Distant and Far Apart

Story by Joe Milan, Jr.

I make my living as a photographer. Mostly ads with models holding steaming cups of coffee or vacuum cleaners. I don’t pretend it’s art. Others do. I don’t. I was far enough along in my career to try my steady hands at an artful collection for a small gallery in Hongdae. But that day, another terrible hangover lingered and I hadn’t done a bit of work. The collection was going to be Painters at Work. Alone, with my head throbbing, crippled on the couch, I stared up at the water stained ceiling wondering how the hell I would finish my final subject: the slouched body of Suhan, the painter who painted seascapes on canvas and sold them from the steps of Seoul station.

Watching painters work was something I’ve always been drawn to. How they licked their lips. How their eyes never seemed to blink. How they paced alone in cluttered rooms, stared at things as if defusing bombs, and every breath was a hiccup from boom. When I watched them, I waited for that moment when everything was framed just right and they held their breath at that unspeakable moment of clarity. That’s when I’d snap. Seeing them in that way, for me, was diving into their minds. And when they looked back at me, hovered over the screen of what I had just captured, our eyes would meet and I felt them diving into mine. Like we were tethered. Like we had done it together. We had made art.

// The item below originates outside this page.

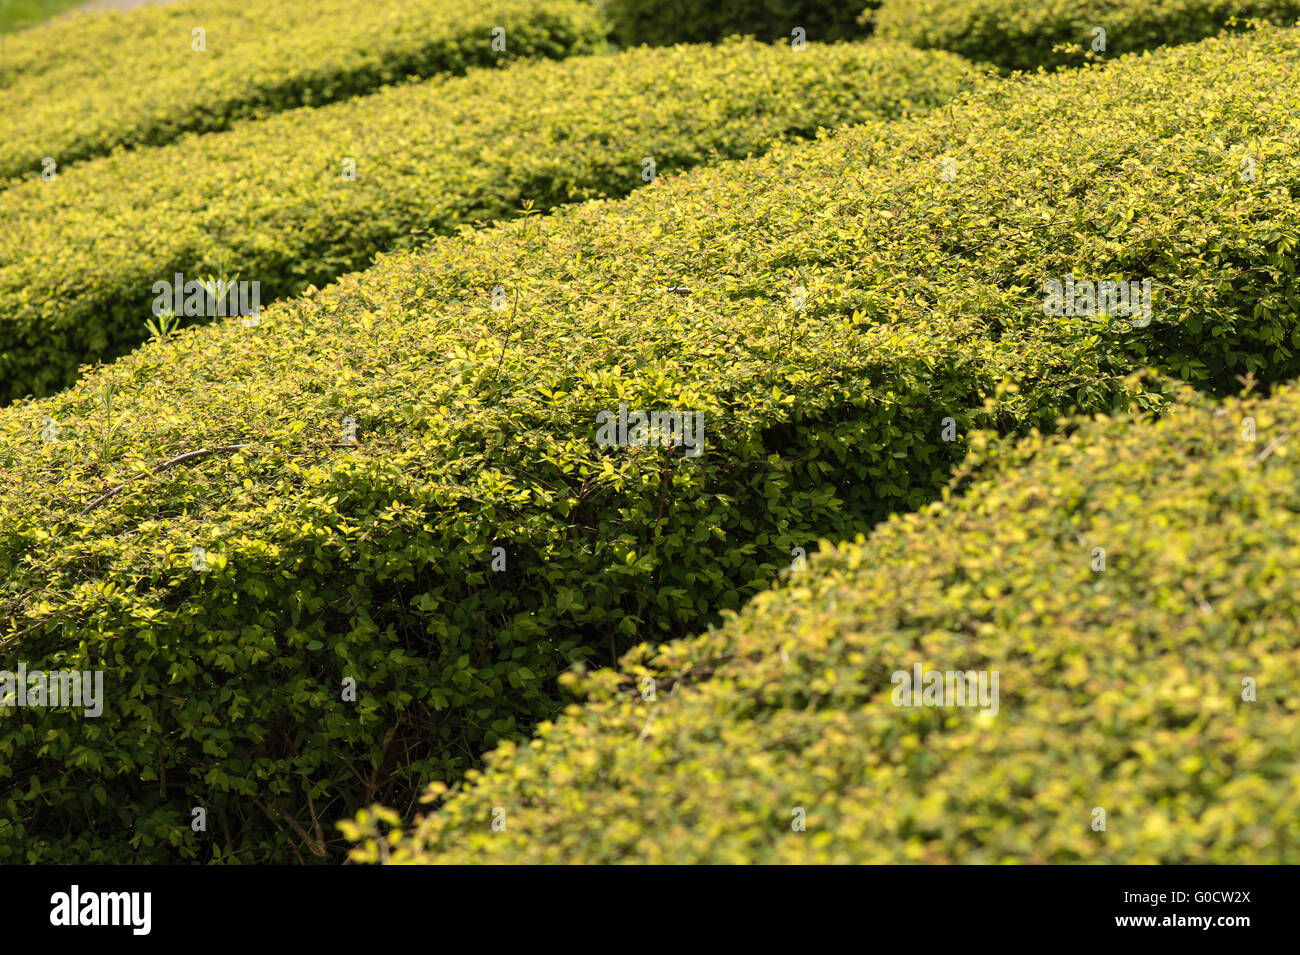 Trimmed and symmetrical Evergreen Garden Hedge Stock Photo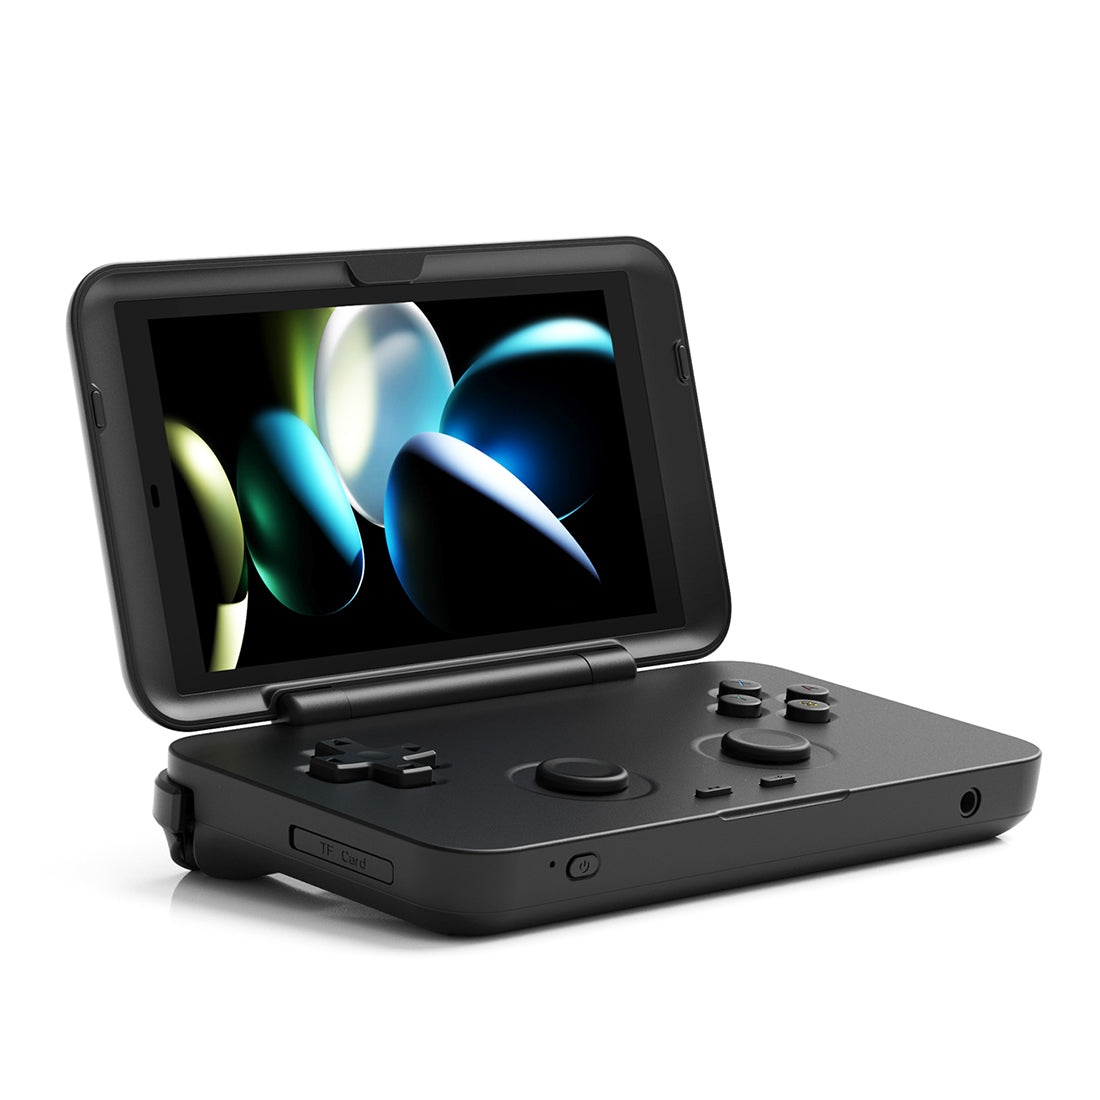 litnxt-Retroid-Pocket-Flip-Android-Handheld-Game-Console-2

Suhan’s eyes always felt as though she didn’t see me. Our gazes would meet but there was no shared secret between us, no smirk of appreciation. It made me nervous. Every photo of her looked like that too: a little out of focus, the exposure slightly dark.

At five, just as the evening traffic stuffed the ring roads of Seoul, and everyone mashed together on the subway cars, I gathered my things and went to the station. The sun would set around seven. Under the colors of magic hour when all the colors mixed and blended together, I would catch the perfect shot.

The station walls were glass. It didn’t gleam. Black dust from the rains dimmed the sloping walls a mold-stained cobalt. Seoul Station stood on top of granite stairs with an escalator tube on one side and a granite department store wall on the other. Suhan sat cross-legged at the top of the stairs leading to the doors. Slouched, she painted deadly-looking rocks and waves crashing into them. In a neat row on the blanket she shared, the day’s work dried. Commuters passed her. Tourists stopped for a second to see and ask politely what she was painting. She’d point to the small drying canvases and the tourists would lose interest and scan the road for taxis.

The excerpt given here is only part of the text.